KONDRACKE: Right, sectarian violence down, U.S. casualties down, al Qaeda on the ropes, the Shiites getting better — under control and even political progress at the provincial level. And Bush bet his presidency on the Iraq war and looked like he was going to lose. Now it looks like he might win and you know what? The United States of America might win.

BARNES: Nicely put, Mort. Good for you. You know, I want to recall a minute everybody who lined up against him and said we have to get out of Iraq right away or do it gracefully over time. You had Congress and Democrats and a lot of Republicans and elements of his own administration in the State Department and the Joint Chiefs of Staff were not excited about the idea. The press of course didn't like it, and I can go on, the foreign policy establishment. He was brave in making the decision and it paid off.

KONDRACKE: Don't move a muscle. "The Buzz" is coming up next.


BARNES: Welcome back. Well, Mort, what's "The Buzz"?

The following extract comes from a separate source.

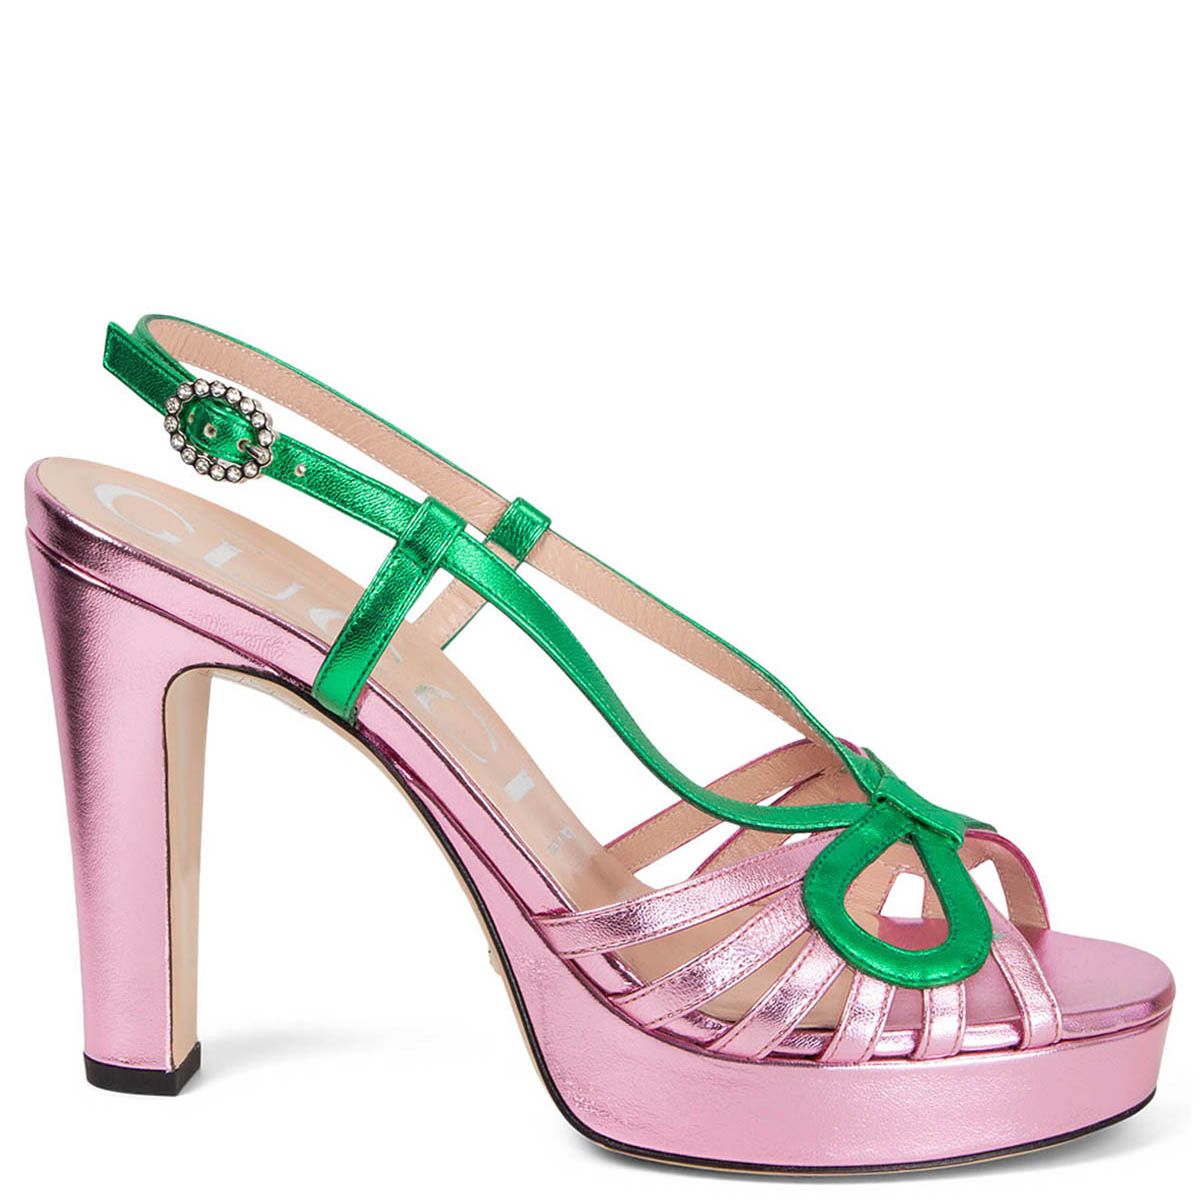 Gucci 2018 Zephyra Platform Sandals Metallic Pink Green Leather 38

KONDRACKE: President Bush in Saudi Arabia on Monday and has three basic messages, one pump more oil to avoid a world recession and bring down the price and, secondly, spend your oil money in Iraq and help the country out and, thirdly, despite the national intelligence estimate on nuclear — Iran nuclear program we are still trying to get them to stop enriching.

BARNES: Mort, in the presidential campaign there is a surge effect. The surge has worked so well and obviously lifted the McCain campaign off the floor and will continue to help, because he was an early supporter of it. He promoted it even before the presidential decision.

Democrats may be committed to defeat but Independents aren't. And Democrats better watch out. It may hurt them in the fall.